Quanto ao enfrentamento à pandemia, o que se observa é uma variação no percentual da população vacinada, mostrando a desigualdade de acesso à imunização nos países devido à questão orçamentária e ao endividamento. Em El Salvador, quase metade da população está imunizada com as duas doses, enquanto a Nicarágua é neste momento o país com menor taxa de vacinação.
Continuam os protestos crescentes no Panamá contra a expansão das mineradoras e hidrelétricas no país, com uma efervescência de mobilizações. E avança em Honduras o julgamento pelo assassinato de Berta Cáceres, com Roberto David Castillo Mejía confirmado como culpado pela autoria intelectual do crime, porém até o momento não houve uma sentença da justiça. Seguimos com a Campanha de Defesa de Defensoras e Defensores dando todo apoio para apuração e responsabilização dos culpados por esse crime cometido há cinco anos, em março de 2016.
Com as eleições realizadas em junho passado no México, apesar da vitória de López Obrador na presidência, o partido do governo diminuiu significativamente o percentual de cadeiras ocupadas pela situação no congresso, trazendo mudanças significativas na correlação de forças no país. A mudança é elemento chave, pois vai impactar a composição e a negociação dos processos de endividamento, além da questão migratória.
Avaliou-se o impacto do o 6º Encontro da Comunidade de Estados Latinoamericanos e Caribenhos (Celac), ocorrido no México no início de setembro, para a região. O documento final divulgado pela Celac traz 44 pontos com o posicionamento da organização (confira a íntegra em espanhol), entre os quais a consolidação da democracia e uma ordem internacional mais justa, fortalecimento da educação e igualdade de gênero, respeito aos direitos humanos e das minorias, luta contra a corrupção e a pobreza. O desafio é ficarmos em alerta para que estes compromissos realmente sejam implementados.
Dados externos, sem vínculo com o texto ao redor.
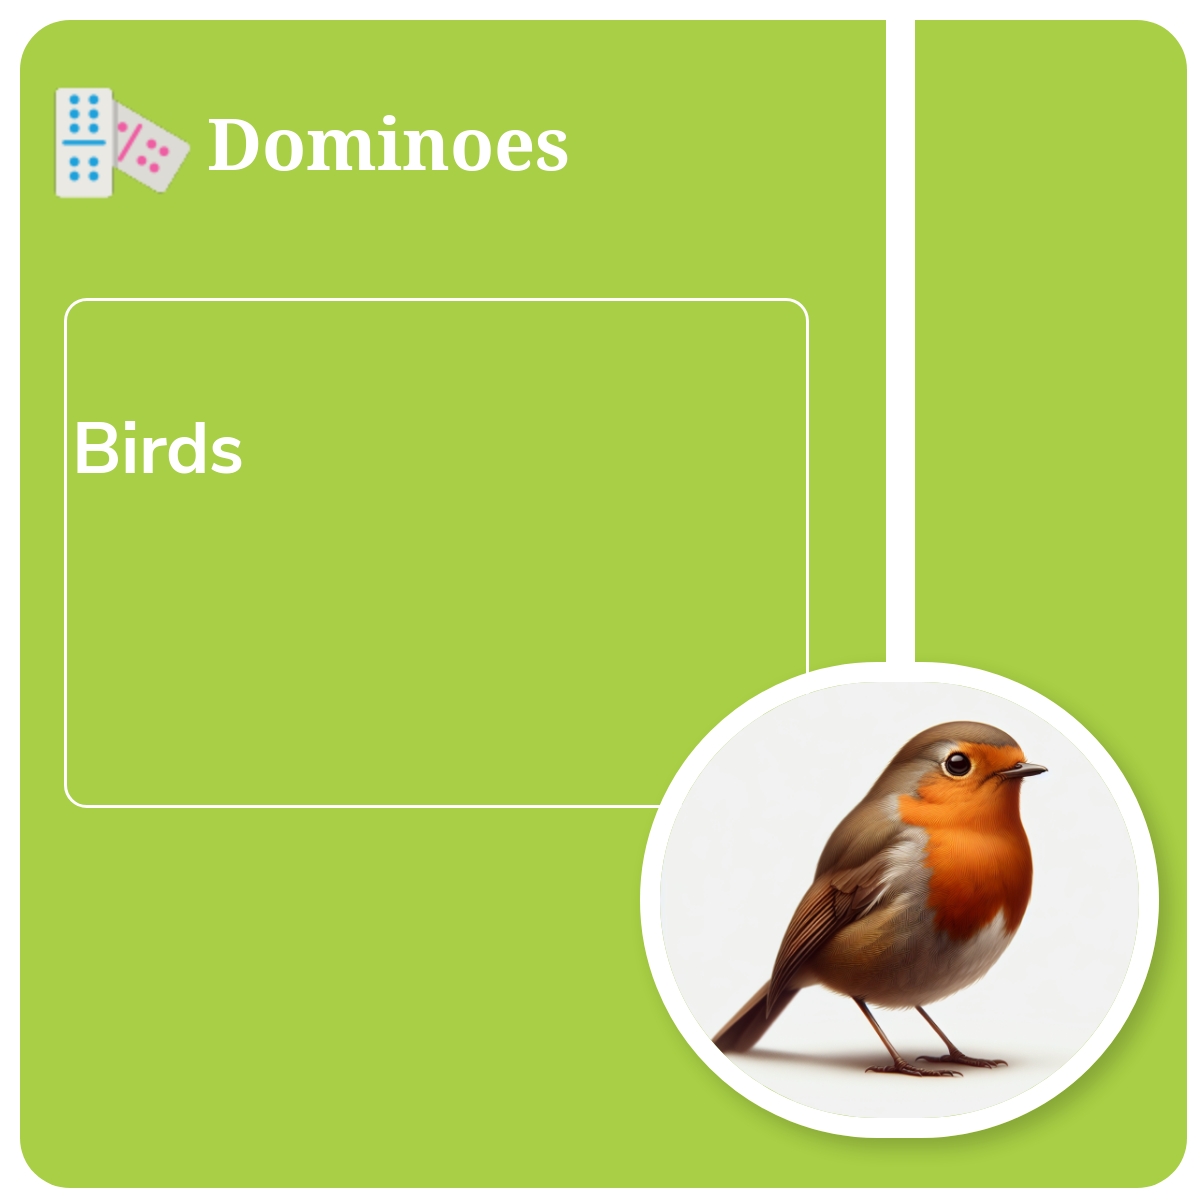 Dominoes - Set 1: Birds

Luta dos povos indígenas se reconfigura na região Andina
Na região Andina, apesar das dificuldades iniciais para ser reconhecido presidente, Pedro Castillo afinal assumiu a presidência no Peru em julho último e o cenário é de muitas expectativas de transformação, mas também da realidade quanto ao tema socioambiental devido à aproximação com o setor mineiro e o discurso de “expansão mineira sustentável”. Ao mesmo tempo, a mudança de governo traz uma efervescência de movimentos e organizações sociais, com a realização de uma assembleia dos povos andinos no Peru ainda neste mês de setembro e que terá a participação da equatoriana Blanca Chocosa, da Acción Ecológica (Equador), num encontro de mulheres indígenas.
As eleições presidenciais de 2022 estão em pauta na Colômbia com destaque para o candidato de esquerda Gustavo Petro, ex-prefeito de Bogotá que disputou a eleição passada com o atual presidente Álvaro Uribe, trazendo um outro discurso ambiental, contrário à exploração do petróleo colombiano, retomando essa ideia pelos setores mais progressistas no país.
No Equador, segue um tipo de legislação por decreto, não só com o congresso editando leis, mas também a presidência implementando suas políticas por meio de decretos. Três destes recentes decretos são gravíssimos, voltados à expansão mineira em toda a costa equatoriana, assim como as petroleiras, além de uma lei de arbitragem e mediação que vai facilitar a negociação de acordos comerciais com empresas estrangeiras na linha neoliberal do presidente Guilhermo Lasso. Em contrapartida, a vacinação avança no país, com quase 70% da população com a primeira dose e a imunização de crianças e adolescentes de 12 a 16 anos.
Contra a dívida e as privatizações
Em 22 de setembro, os movimentos e organizações que Auto Convocatória para a Suspensão de Pagamentos e Investigação da Dívida, entre os quais o Diálogo 2000, membro do Jubileu Sul/Américas, foram às ruas na Argentina contra o pagamento da dívida ao Fundo Monetário Internacional. A data coincide com o dia do primeiro pagamento exigido pelo FMI sobre os US$ 45 bilhões que o Fundo entregou ao governo de Mauricio Macri, mesmo sabendo que haveria a fuga desses mesmos recursos.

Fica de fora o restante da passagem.